Common interface for every entity across the hierarchy of recognized text. An entity may contain other smaller entities, or may be an atom.
Public Method Summary
abstract Rect | |
abstract List <? extends Text > | |
abstract Point[] | |
abstract String | |
abstract String |
Public Methods
public abstract Rect getBoundingBox ()
Axis-aligned bounding box containing the text. The bounding box may extend past the image boundary.
public abstract List <? extends Text > getComponents ()
Smaller components that comprise this entity, if any. If this entity is an atom, an
empty list is returned. TextBlock
is at the top of the Text hierarchy. TextBlock
contains Line
objects, which contains Element
s. Element
s
are atoms. We may decide to add character-level objects in later versions.

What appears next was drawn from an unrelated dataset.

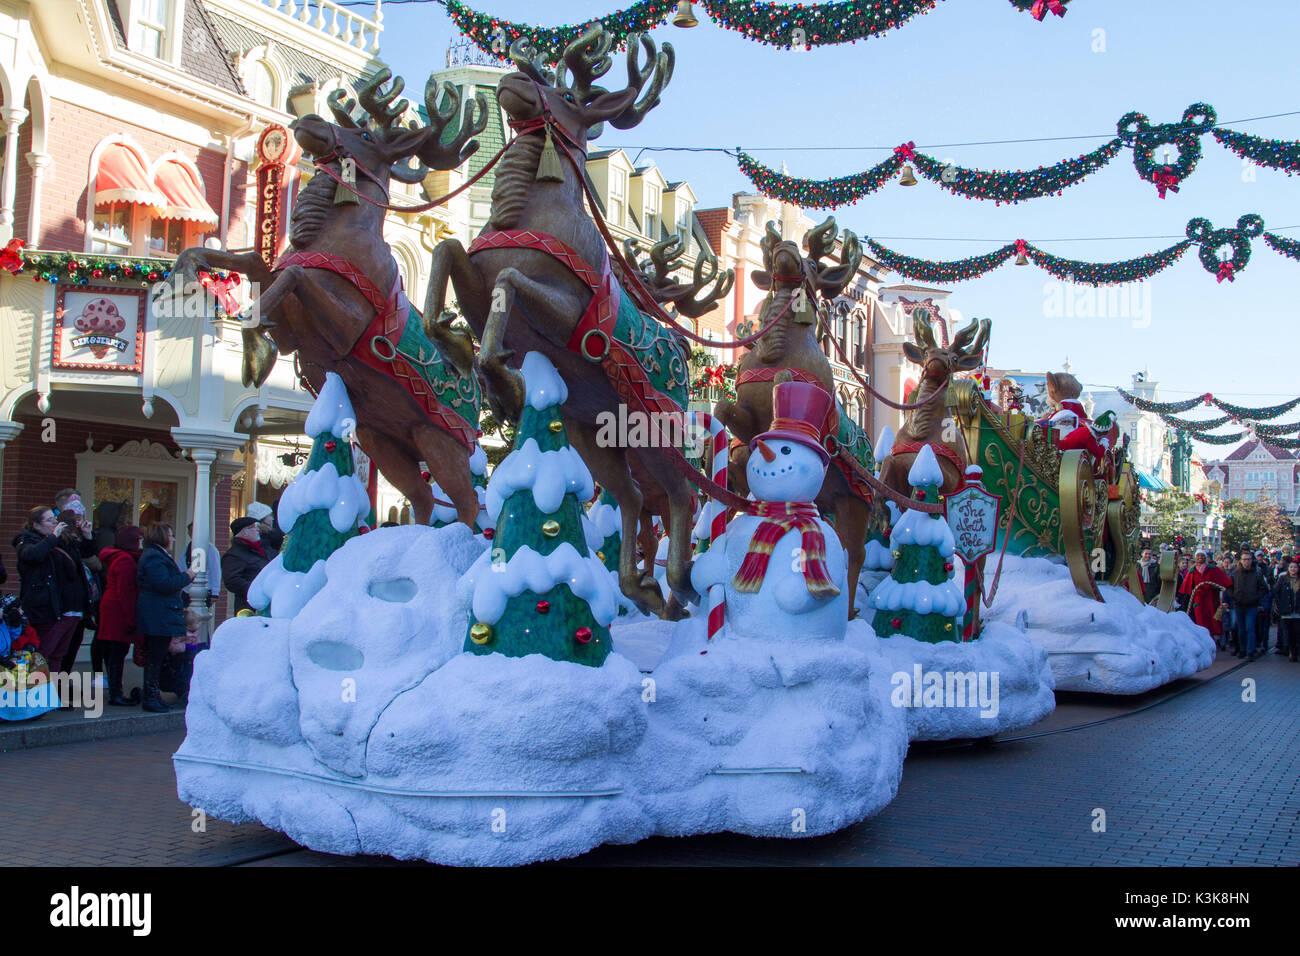 Christmas Parade:In Palos Verdes December 1, 2021

For example, a client could draw bounding boxes for recognized text in different colors for paragraphs, lines, words, and alphabets by repeatedly traversing down the tree with this method.
public abstract Point[] getCornerPoints ()
Four corner points in clockwise direction starting with top-left. Due to the possible perspective distortions, this is not necessarily a rectangle. Parts of the region could be outside of the image.
public abstract String getLanguage ()
Prevailing language in the text, if any. The format is in BCP47 (e.g. "en" or "sr-Latn-BA") or "und" if the language could not be determined.
public abstract String getValue ()
Retrieve the recognized text as a string. Returned in reading order for the language. For Latin, this is top to bottom within a TextBlock, and left-to-right within Lines.